Ônibus 174 (2002) (aka Bus 174)
José Padilha
Portugese

“Didn’t you kill my friends in Candelaria? I was there.”

 

Many would have seen the devastating account of the Brazillian slums and the juvenile violence breeding within them in Fernando Meirelles’ brilliant feature City of God (2002). However, a similar themed documentary film, Onibus 174 (2002) (aka Bus 174), does not get the same attention and credit as City of God. Released late in the same year as its fictional counterpart, Bus 174 is centered on a hostage situation in Rio de Janeiro, where an armed man named Sandro who had taken 10 hostages aboard a public bus.

(Spoiler Alert)

Sandro Rosa do Nascimento boarded a public bus on June 12th 2000 with a loaded gun in the intention of robbing the passengers. Things go out of control and the intended robbery snowballs into a tense hostage situation with full coverage by the national media. Sandro demands a gun and a new driver for the bus from the police. The police are neither able to negotiate and resolve the clutter nor are able to snipe him down because of the media. It is gradually revealed that Sandro is a kid brought up in the streets of Rio and had seen his friends being slaughtered by the police in the Candelaria church massacre.

As time goes, Sandro panics and asks his hostages to scream and even asks one of them to act dead in order to push the police. At around 7 in the evening, Sandro alights from the bus taking a female hostage along with him as shield. As the police try to capitalize the situation, one of their men approaches Sandro and fires from inches near his head. It misses and hits the hostage who is then shot many times by Sandro himself. The police now take the defenseless Sandro, stuff him into their vehicle and pounce on him, suffocating him to death.

(End of Spoilers)

For a documentary running for about two hours, the film could have been branded overlong if not for the director’s attempts to interestingly intersperse the various threads of the narrative and hence give the feel of a mainstream thriller.
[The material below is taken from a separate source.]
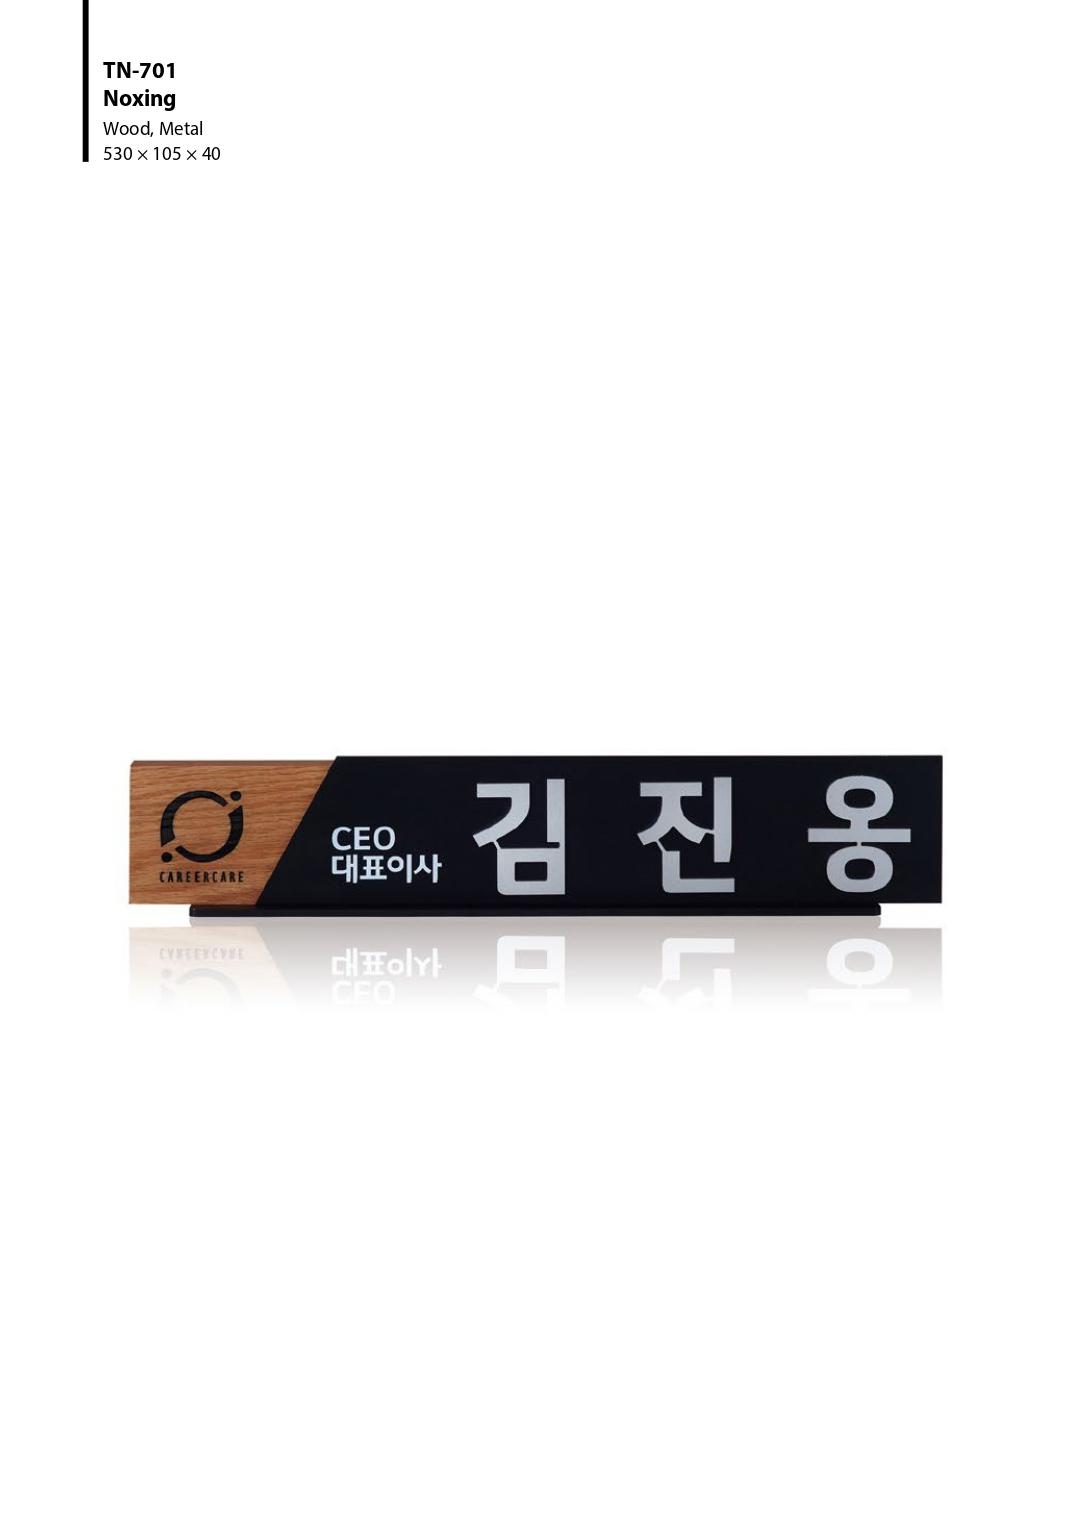 KLPK44001 Noxing 나무 메탈 명패 상패 트로피 판촉물 제작 케이엘피코리아

The calm and composure with which Luanna Belmont handled Sandro and talked him into contemplation shows that a brave person is not necessarily the one with the gun. Her act redefines what a hero is and even reveals the power of expression.

Bus 174 puts forth several social and political issues prevalent in Rio including the ostracizing of slum dwelling children by the public and government, ineffectiveness of the Rio police under crunch situations and the incessant intrusion by the media on delicate matters, but never once becoming unfocused on the central event. Though seemingly a tad sympathetic towards the teens of the slum, the film never champions any issues put forth and leaves the conclusions to the viewers.

Where Bus 174 scores over its companion piece is its tag of reality that persuades the viewer to know and analyze the world around. It does not let one to lay back and detachedly watch the on-screen massacre as one does in City of God. It prompts the viewer to listen to, not hear, the cries of the oppressed and weak. The last two adjectives are not to be associated with the brutality on the slum-dwellers or the pressure on the police but the involuntary involvement of civilians and innocents in the acts of violence.

In a world infested by racism, bigotry and communalism, it is only the efforts of individuals, not governments and organizations, which will help bridging the rift between them and prevent further misery. The Bus 174 incident is an embodiment of that statement. Don’t miss this one.